A subscription-auth cloud tier is feasible and permitted for self-hosted single-operator use, with constraints — and those constraints are binding on any future implementation:

  1. Opt-in and OFF by default, exactly like the metered cloud tier (ADR-0001's billing gate applies unchanged — this is a usage-cap and ToS decision instead of a dollar decision, but it is still the operator's decision). Never bundled, never auto-configured; the operator mints their own token (claude setup-token) and wires it via an env-var name in config.
  2. Implementation route: subprocess to the claude CLI, not the Python SDK — preserves the stdlib-only hot path. The backend must scrub ANTHROPIC_API_KEY from the subprocess environment and must not use --bare.
  3. Text-only work classes (planning / review / chat), enforced as a policy hard constraint.
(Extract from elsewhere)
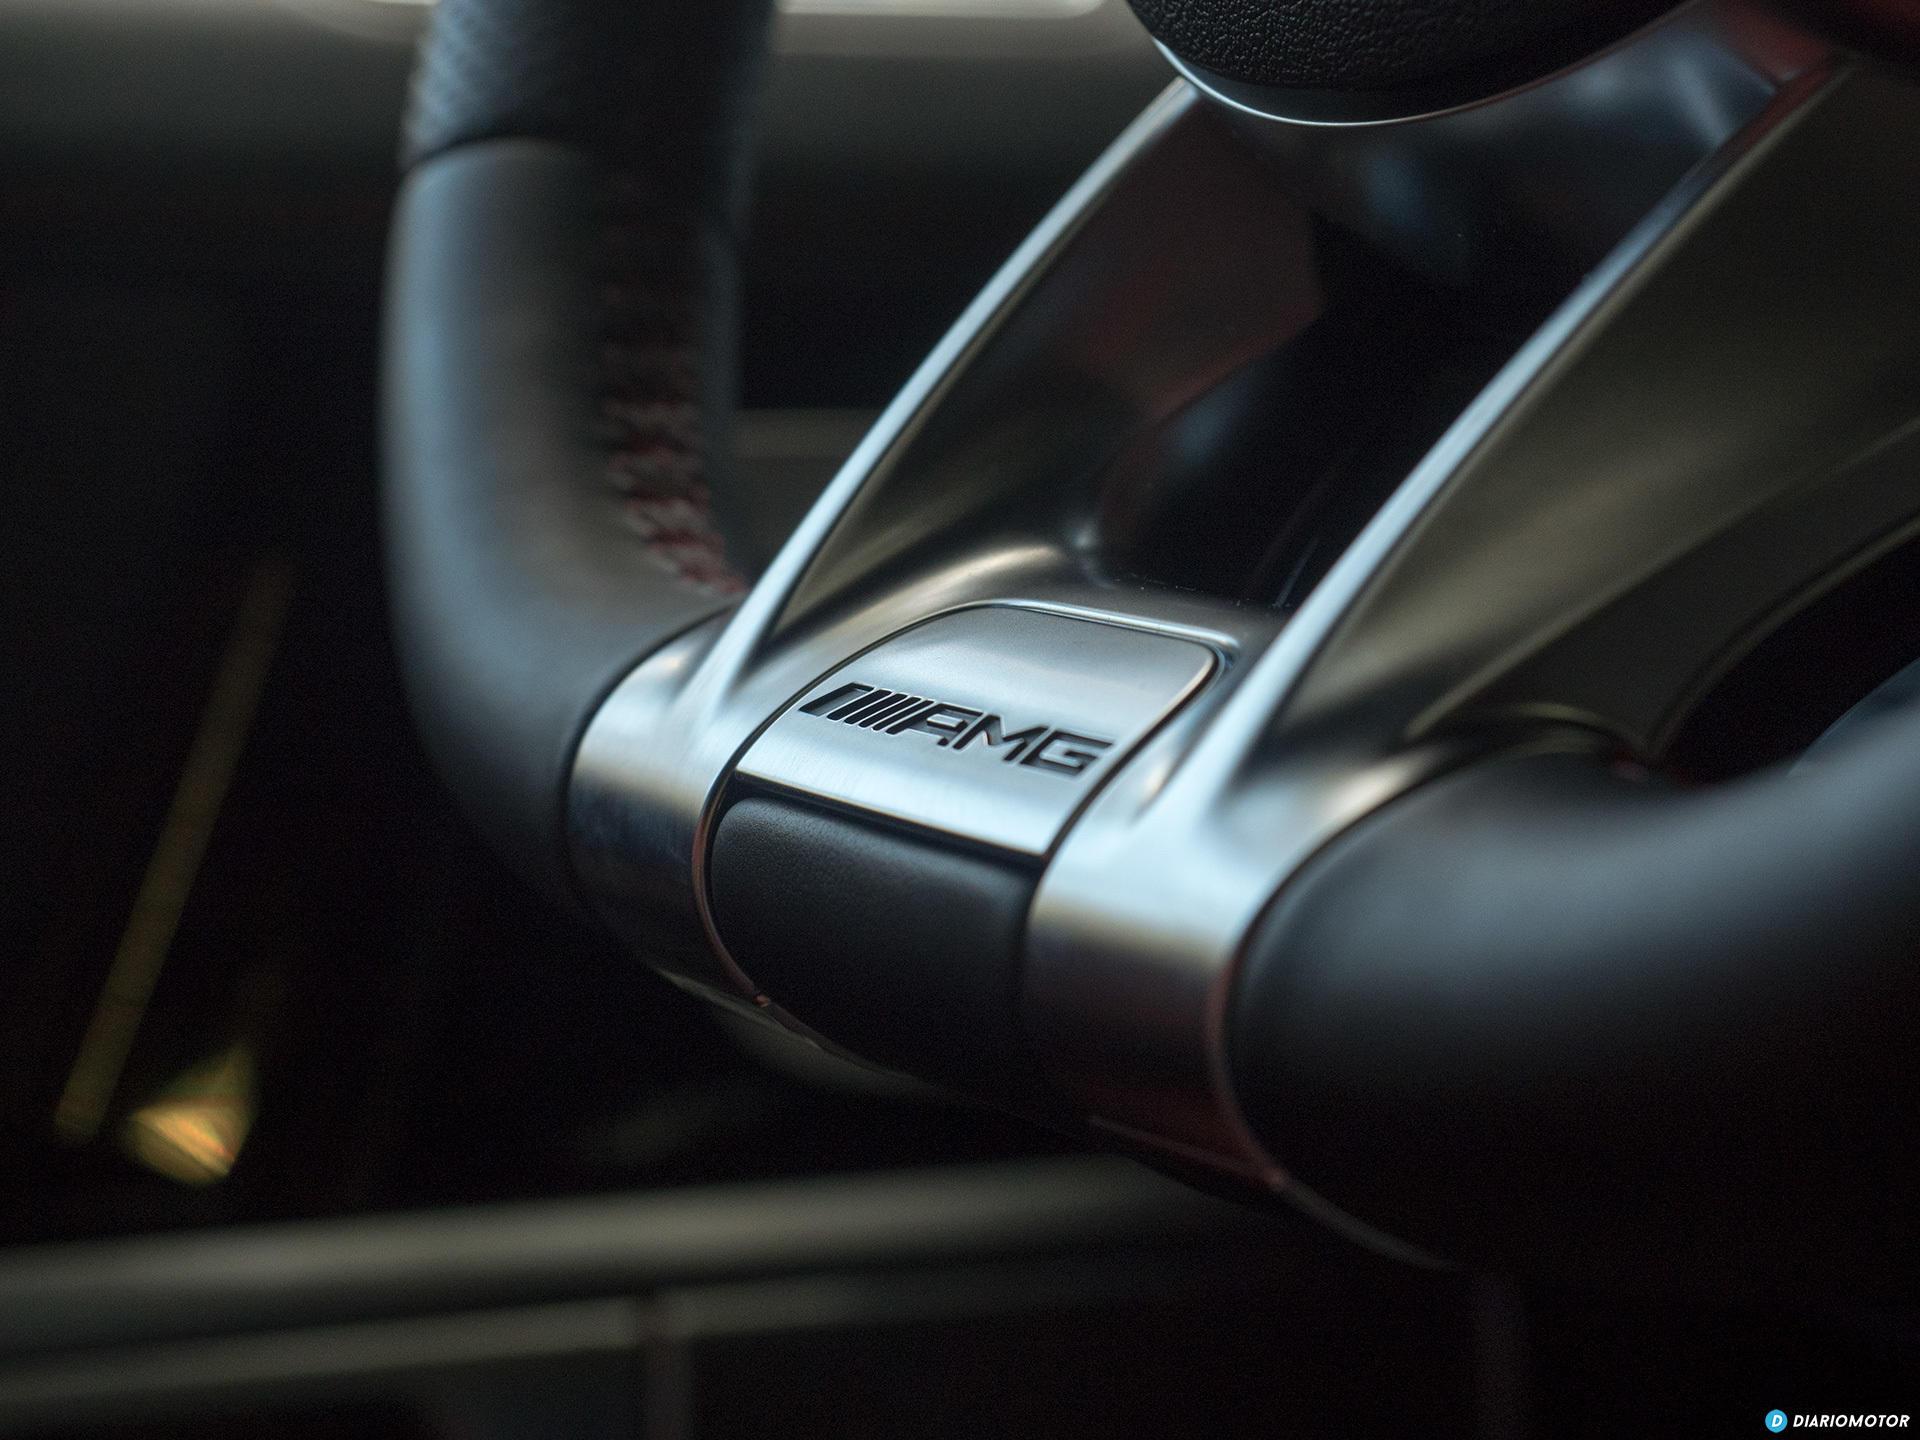 Mercedes Amg G 63 Interior 00001

No tool-use broker — tool-carrying turns stay on advise-and-defer or the metered CloudBackend.
  4. Documented as ToS-gray wherever it is configured, quoting the legal page's "should use API key authentication" guidance and noting enforcement may occur "without prior notice".
  5. This tier does not displace advise-and-defer as the default posture; it is a third residency option (localcloud-subscriptioncloud-metered), not a new default.

No implementation is scheduled by this ADR; it records the answer and the constraints so a future task starts from settled ground.

Consequences

  • ADR-0001's open question is closed: the mechanism exists, is documented and headless-capable, and the constraint set above is what makes it acceptable.
  • A future SubscriptionBackend slots behind the existing Backend protocol (same seam as CloudBackend) with a fail-fast startup gate (CLI on PATH + token present), mirroring the auth_env pattern.
  • Operators accept: shared usage caps with their interactive sessions, reduced sampling-parameter fidelity (tier extra_body cannot fix what the CLI does not expose), and higher first-token latency than a raw-API tier.
  • If Anthropic's documented position on subscription-authenticated programmatic use materially changes, this ADR must be revisited (supersede, don't edit).
  • The companion research also assessed pi (Mario Zechner's coding agent) as an integration target: config-only fit via ~/.pi/agent/models.json (custom providers, free-form model ids, both wire dialects) — recorded as a README recipe, no ADR needed (no design decision involved).